## [Work item]
Transcribe each entry in full, and leave the images out.

Content starts

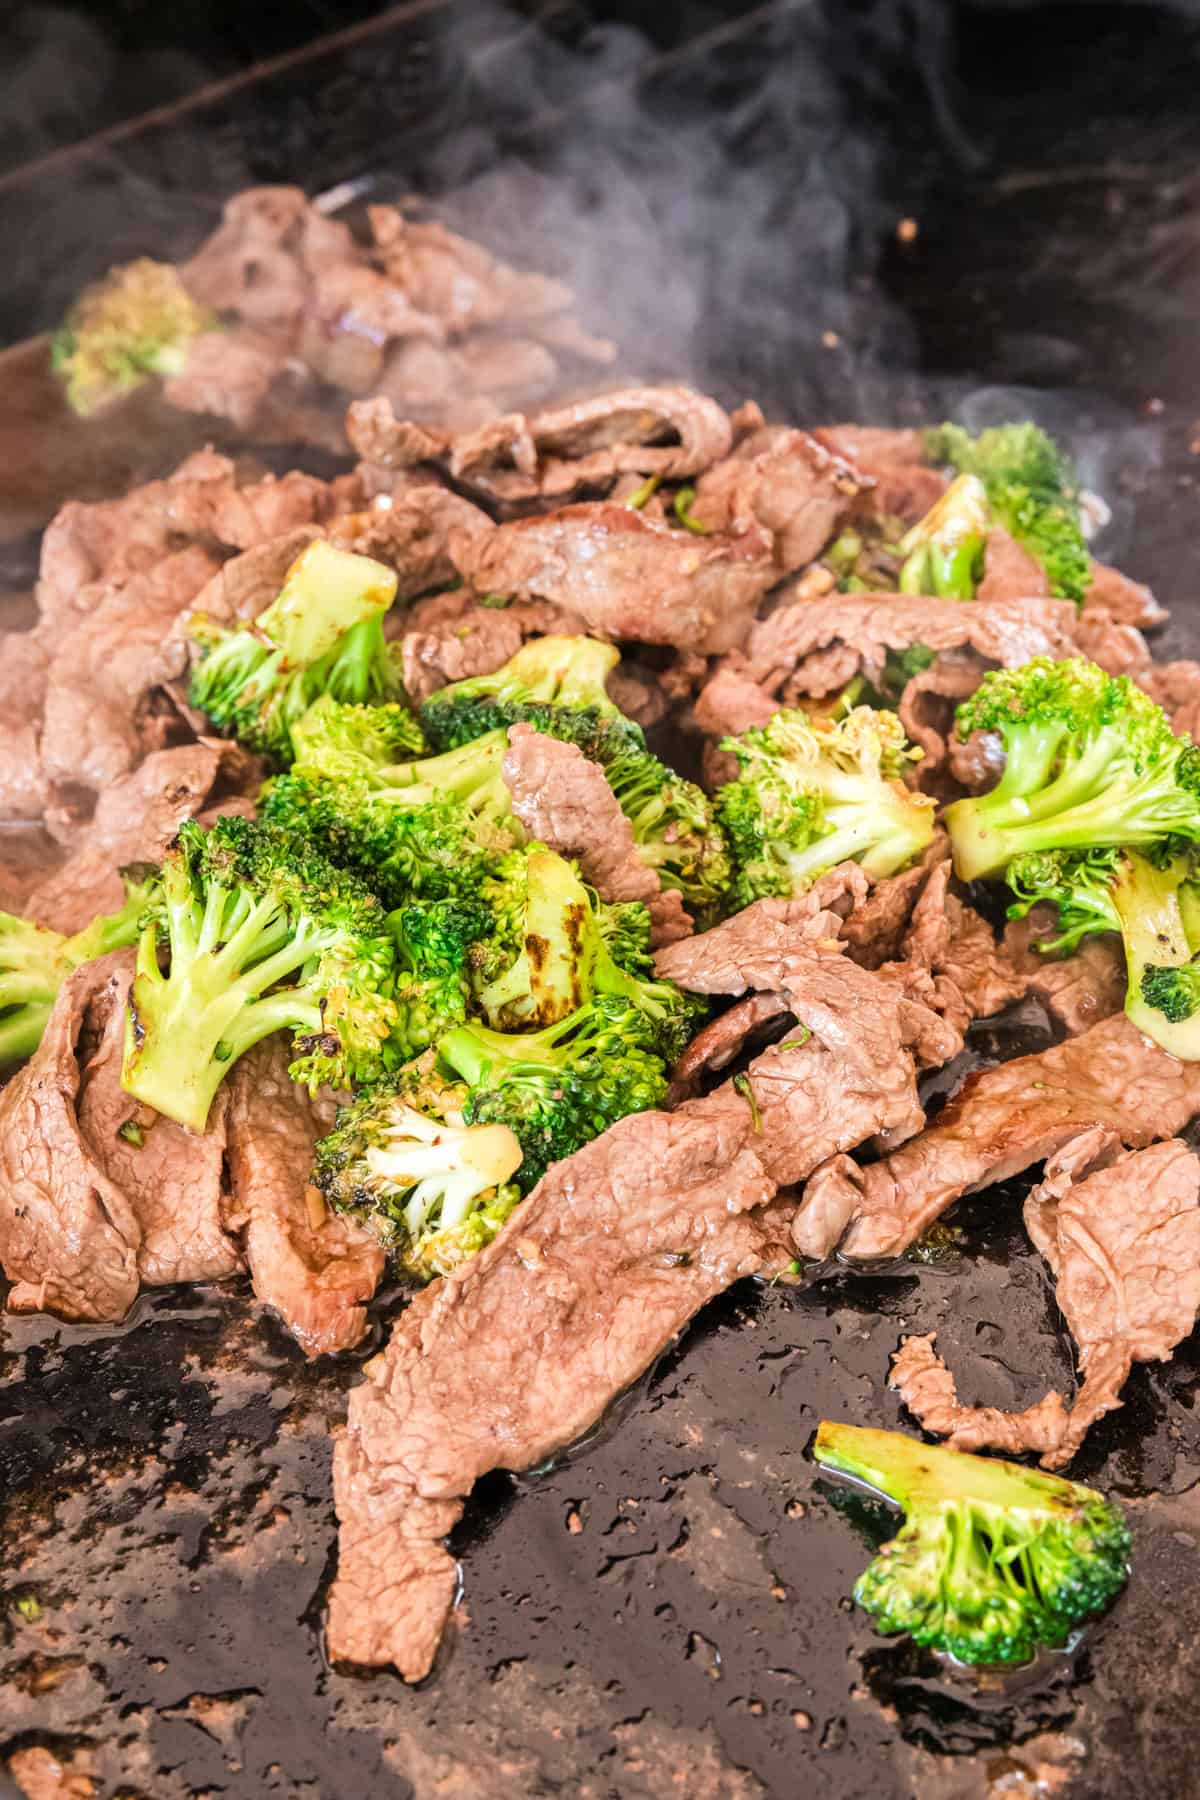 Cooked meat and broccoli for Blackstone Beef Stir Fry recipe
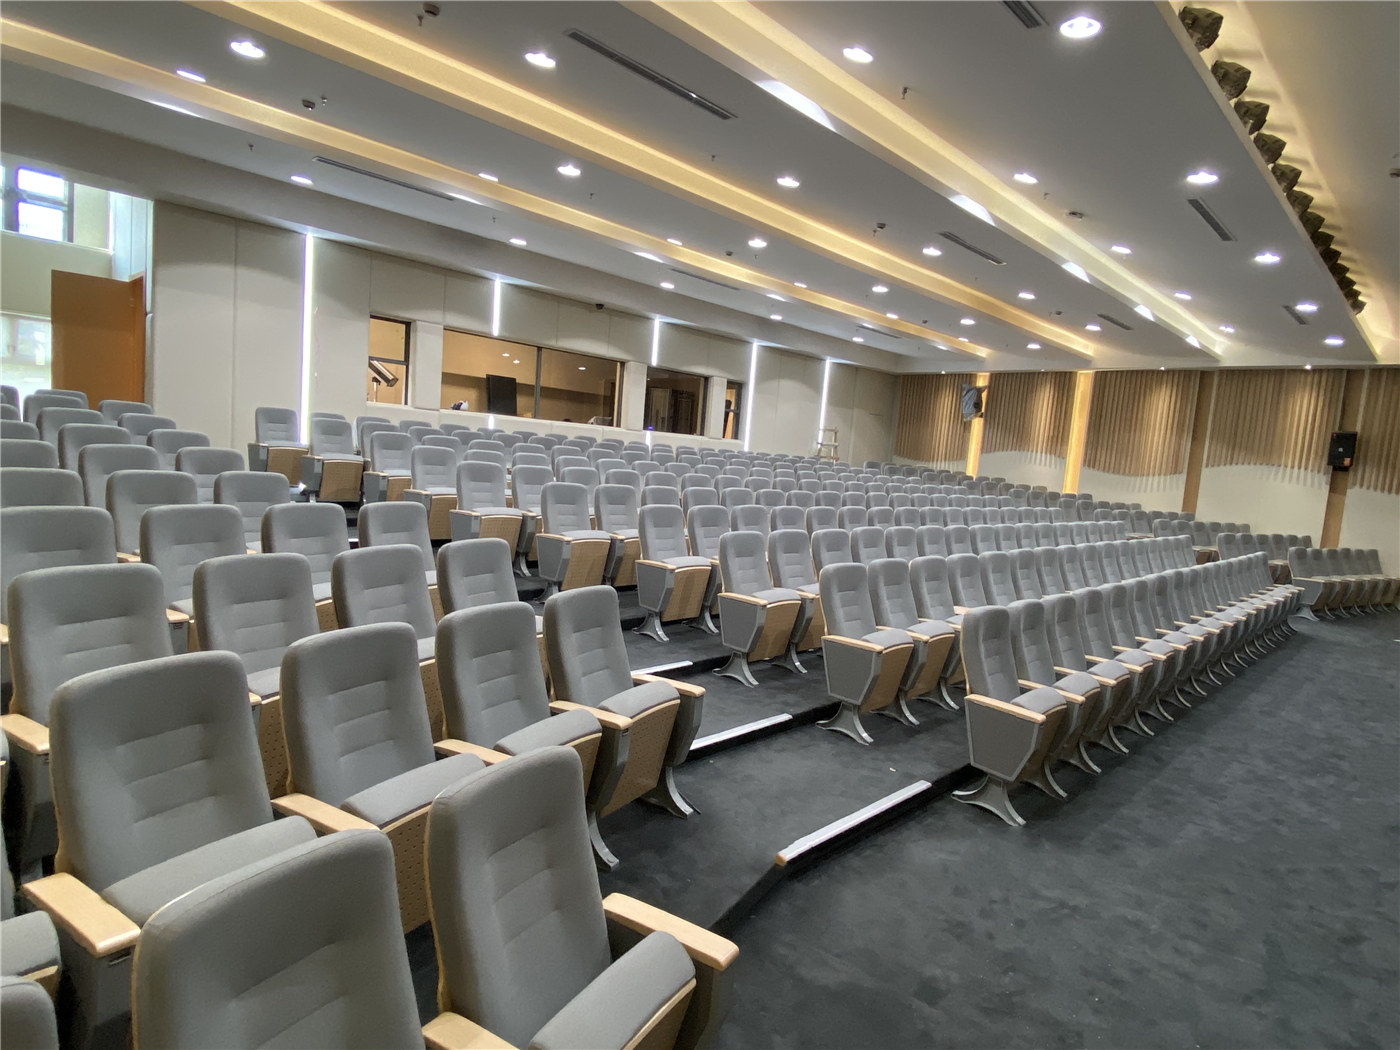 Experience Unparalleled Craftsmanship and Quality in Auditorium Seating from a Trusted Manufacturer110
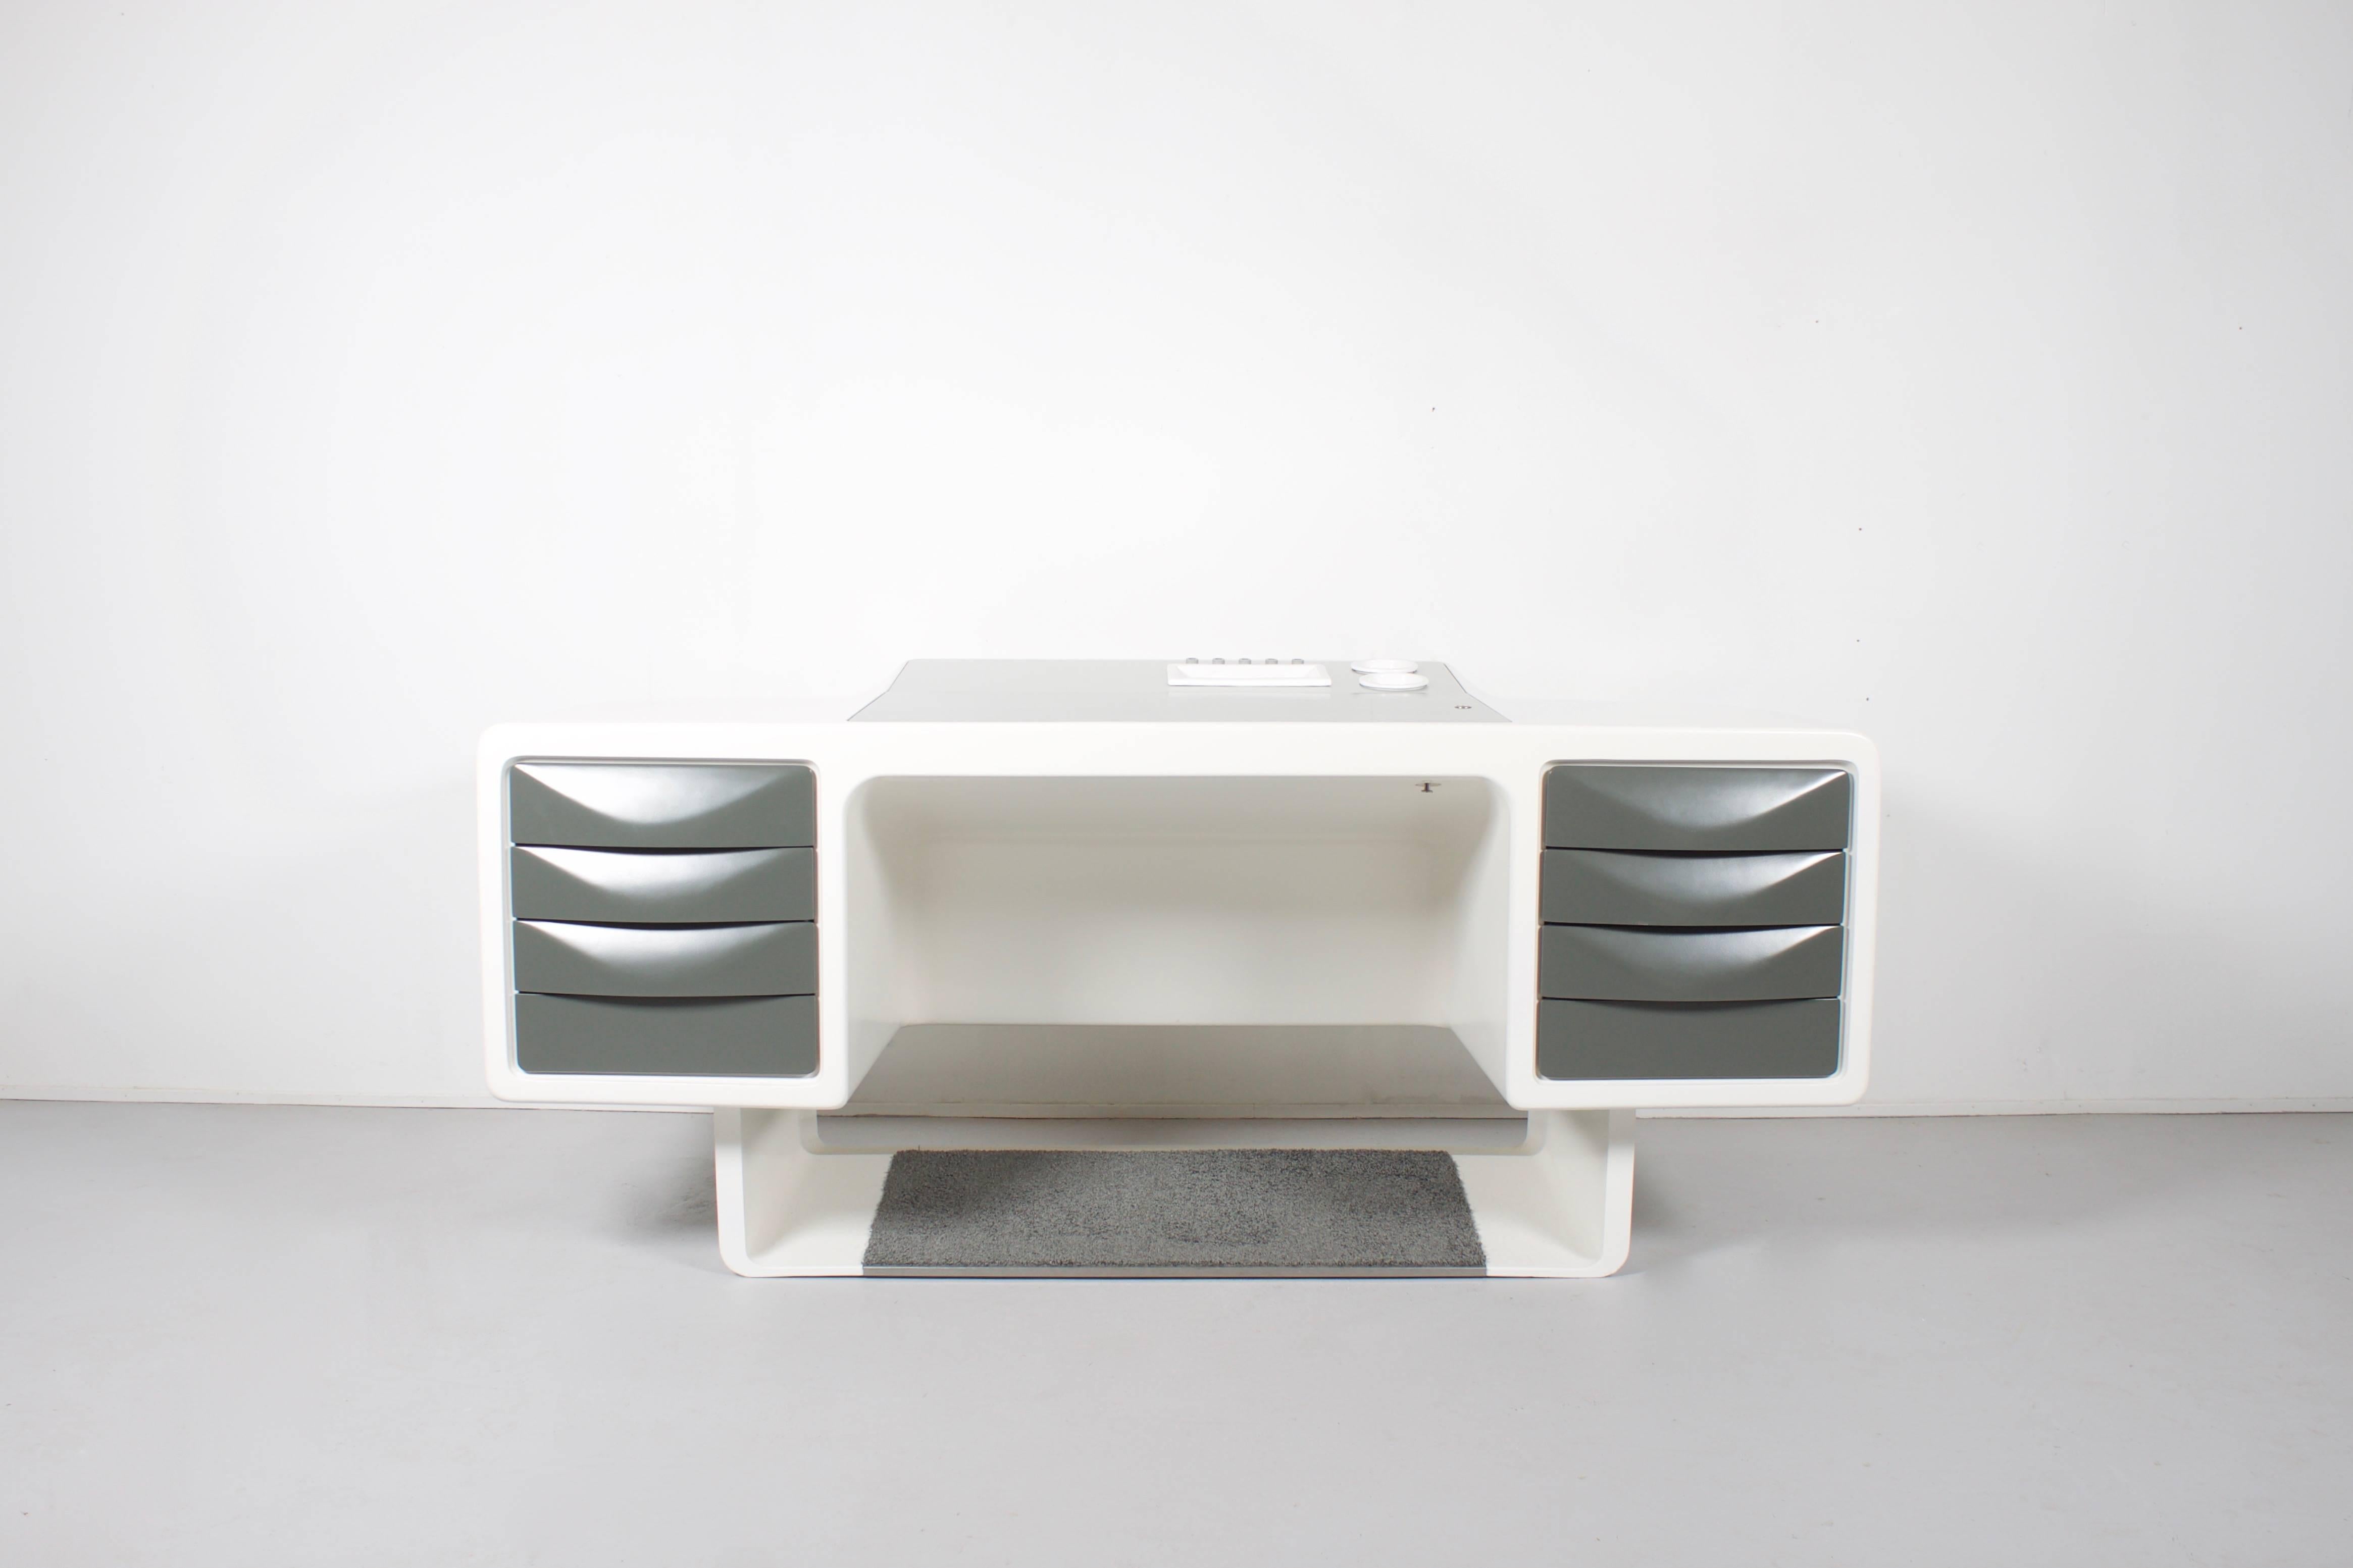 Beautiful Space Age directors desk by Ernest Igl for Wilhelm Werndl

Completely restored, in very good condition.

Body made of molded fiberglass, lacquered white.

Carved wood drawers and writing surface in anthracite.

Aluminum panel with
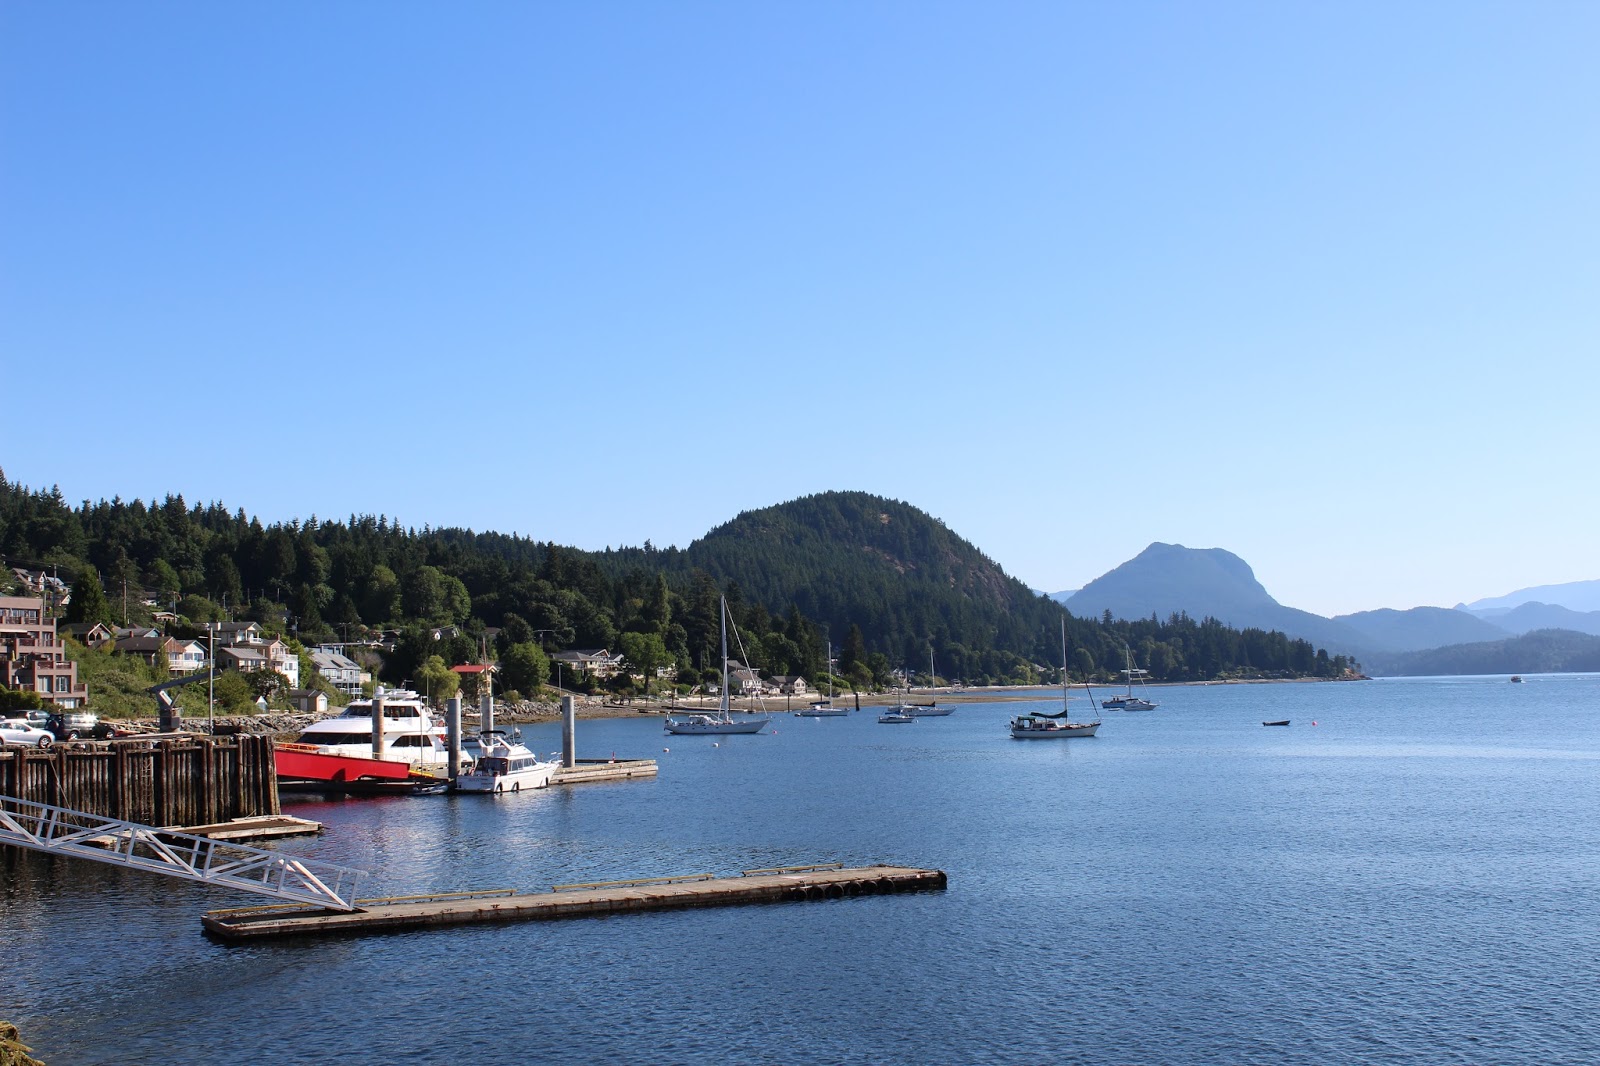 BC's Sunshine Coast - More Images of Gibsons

Content ends

## [Answer to the problem]
 Cooked meat and broccoli for Blackstone Beef Stir Fry recipe
 Experience Unparalleled Craftsmanship and Quality in Auditorium Seating from a Trusted Manufacturer110
 Beautiful Space Age directors desk by Ernest Igl for Wilhelm Werndl

Completely restored, in very good condition.

Body made of molded fiberglass, lacquered white.

Carved wood drawers and writing surface in anthracite.

Aluminum panel with
 BC's Sunshine Coast - More Images of Gibsons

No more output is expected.